Travail de philosophe et d’archéologue, ce livre propose de questionner le contemporain depuis une discipline qui apparaît comme matricielle de la modernité : l’angéologie, science des anges. Elle introduit en effet le concept de hiérarchie dans la sphère de la pensée, et dessine les contours tout à la fois des rapports possibles au monde, et du gouvernement de celui-ci.
Nous prévoyons de déplier et de mettre en partage ce texte et ses thèses, afin de pouvoir le discuter tous ensemble. La rencontre sera suivie d’un temps plus informel, avec bar et petite restauration.
Présentation de l’éditeur :
« La modernité – politique et scientifique – n’est pas née d’un geste de rupture avec le Moyen Âge. L’État et la science modernes peuvent en effet être envisagés comme les conséquences lointaines d’une contradiction logée au cœur de la théologie scolastique. Ce livre raconte l’histoire de cette double genèse en faisant remonter l’idée foucaldienne d’une « dégouvernementalisation du cosmos » du XVIIe au XIIIe siècle. Pour cela, il prend pour objet les débats qui ont animé l’angélologie médiévale au sujet des « anges-moteurs » et s’intéresse à la tentative échouée des Médiévaux pour accorder le concept théologico-politique de hiérarchie à la question cosmologique du mouvement des cieux. Cette étude ne cherche toutefois pas principalement à antidater de quelques siècles l’émergence de la modernité. Il s’agit de présenter les matériaux historiques indispensables à la compréhension du hiatus entre la politique et le monde, que notre époque cherche à surmonter sans y parvenir encore. »

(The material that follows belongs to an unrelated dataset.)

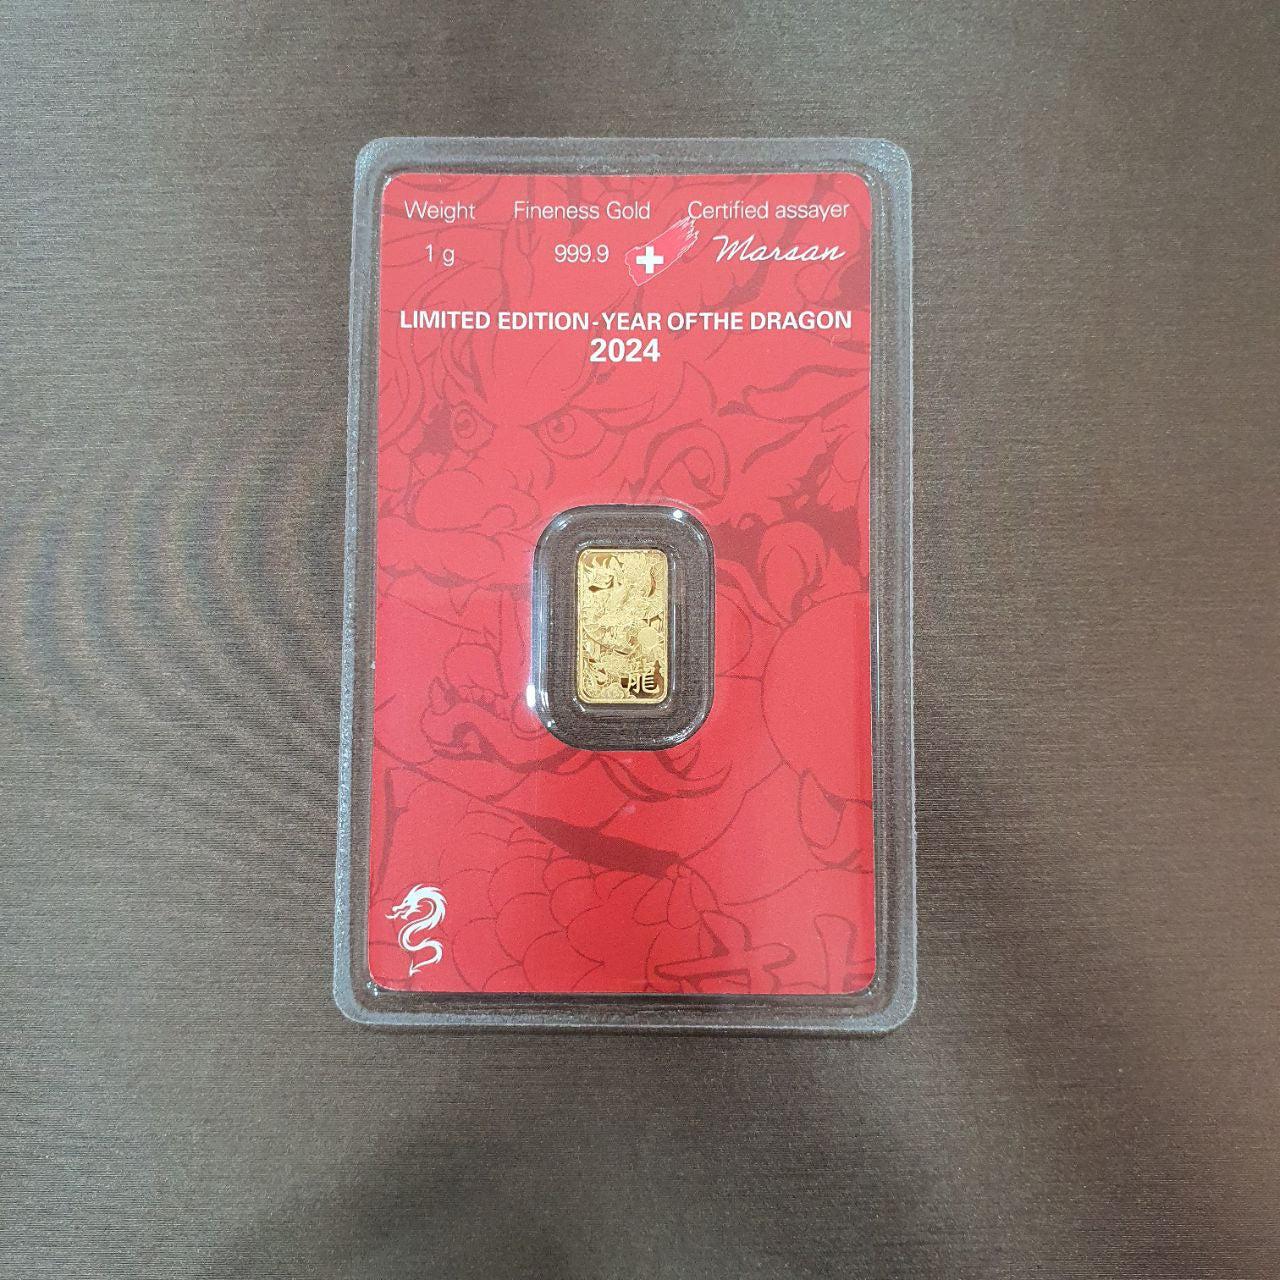 24k Gold Argor Dragon 5 Grams Gold Bar-bullion-Best Gold Shop

Extraits d’un entretien avec l’auteur paru dans Lundi Matin :
« La distinction moderne par excellence trouve son origine dans la discipline la moins moderne qui soit, la théologie et plus spécifiquement dans la branche de la théologie qui s’intéresse aux anges ! Qu’est-ce qu’un ange ? C’est un messager divin. Le mot vient du grec angelos, qui veut dire « messager » et qui traduit, dans la Bible, le mot hébreu malakh. Avec la traduction en latin, il se passe une chose curieuse : angelos est traduit parfois par nuntius, qui veut dire « messager », parfois par angelus, qui veut dire « ange ». Autrement dit, être messager ne relève pas d’une fonction, mais de la nature même de l’ange. L’angélologie est la science de cet être qui n’est que message, mission, médiation. […]

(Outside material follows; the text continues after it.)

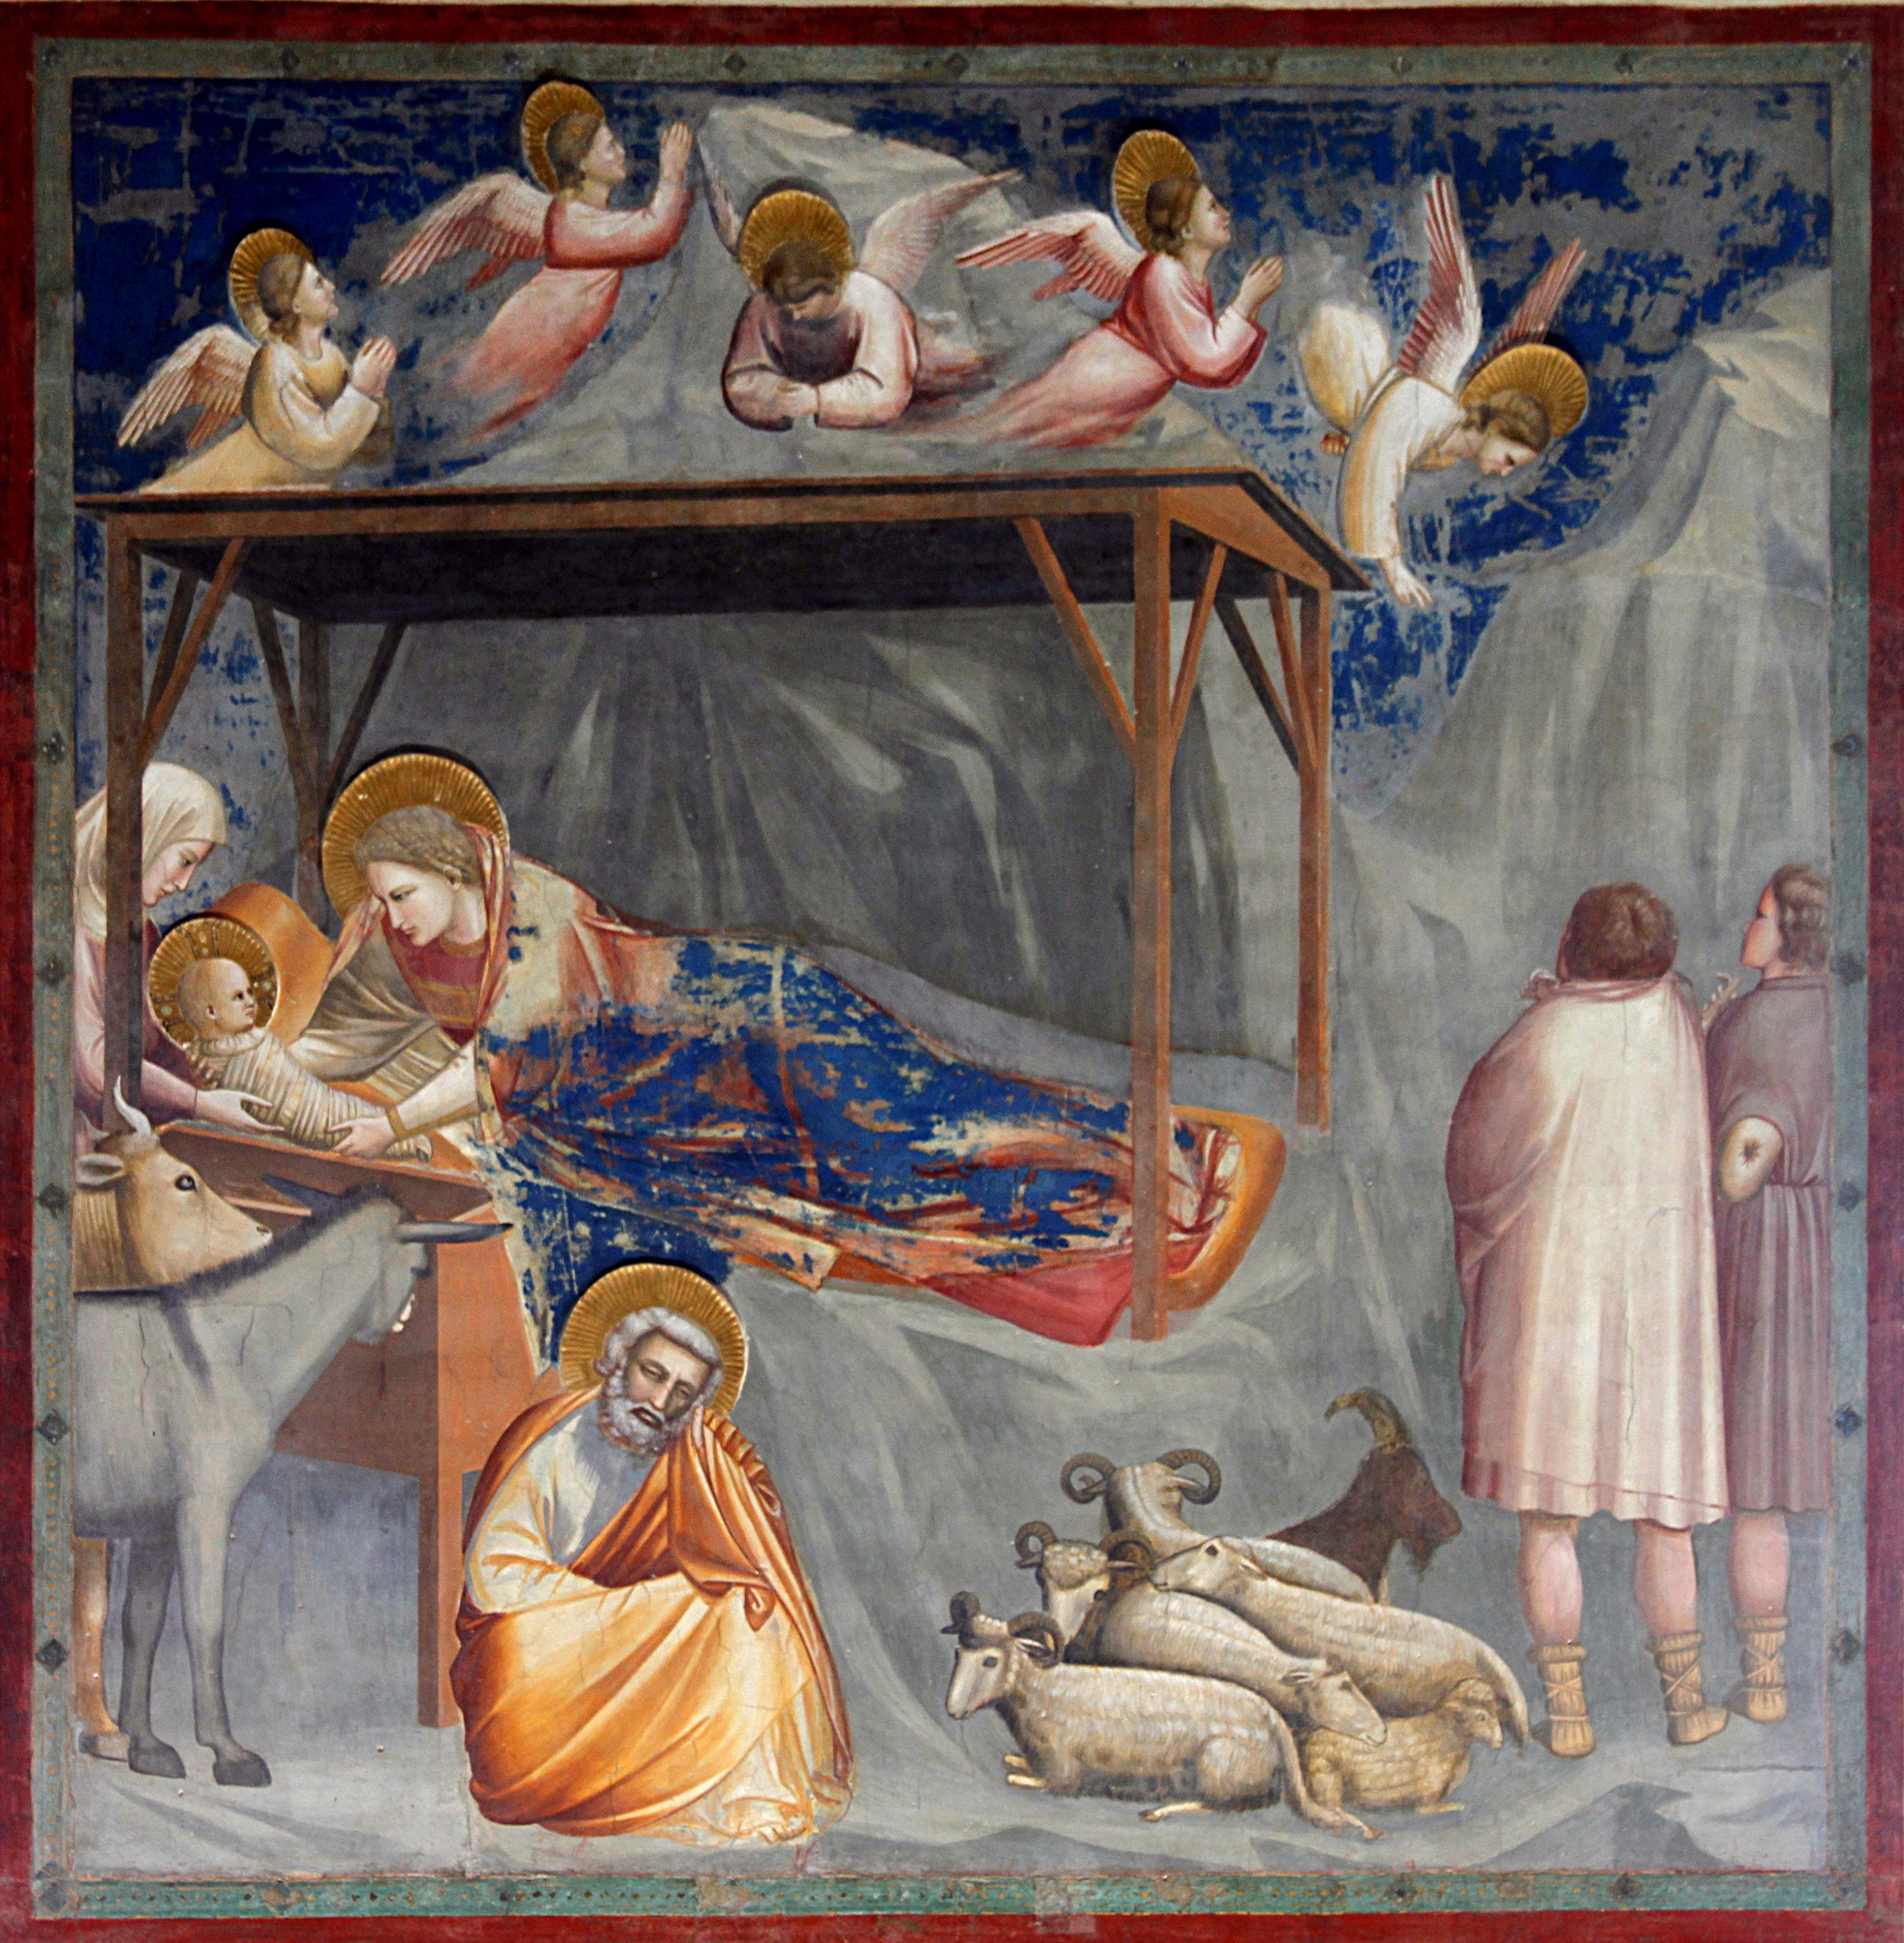 The Nativity by Giotto (Illustration) - World History

Il me semble que ce qui a rendu difficile, sinon impossible, d’attribuer aux anges une fonction dans la machine cosmique, c’est le concept de hiérarchie. À l’origine, c’est un concept théologique, qui a été forgé par un certain Denys l’Aréopagite. C’est un auteur mystérieux parce qu’on ne sait pas de qui il s’agit réellement. On sait qu’au début du VIe siècle a commencé à circuler un corpus de texte signé du pseudonyme « Denys l’Aréopagite », dont le nom apparaît une fois dans la Bible, plus précisément dans les Actes des apôtres. Cette fraude littéraire constitue à elle seule un objet historique fascinant, tant elle a connu de développements et tant son influence est grande sur l’histoire intellectuelle occidentale. Sans entrer dans les détails, on peut s’imaginer l’effet qu’a eu un texte de théologie dont on a cru, ou voulu croire, qu’il provenait d’un disciple de Saint Paul. Les écrits du ps.-Denys l’Aréopagite sont devenus une des sources les plus importantes de la théologie médiévale. Or il se trouve que le terme même de hierarchia apparaît pour la première fois dans ce corpus. La hiérarchie est même définie de façon à la fois précise et obscure comme « un ordre sacré, un savoir et une activité ». Ce qui est remarquable, c’est que l’ordre dont il est question relève de la sphère du sacré. Il s’agit de l’ordre qui est établi parmi les anges et parmi les humains dans l’institution ecclésiastique. Le ps.-Denys a écrit deux traités sur la hiérarchie, La hiérarchie céleste et La hiérarchie ecclésiastique. Le concept de hiérarchie sert à penser un ordre de médiations sacrées vers le divin. Il recouvre l’ensemble des structure institutionnelles, des pratiques rituelles et des relais symboliques qui assurent la médiation entre le divin et l’humain. […]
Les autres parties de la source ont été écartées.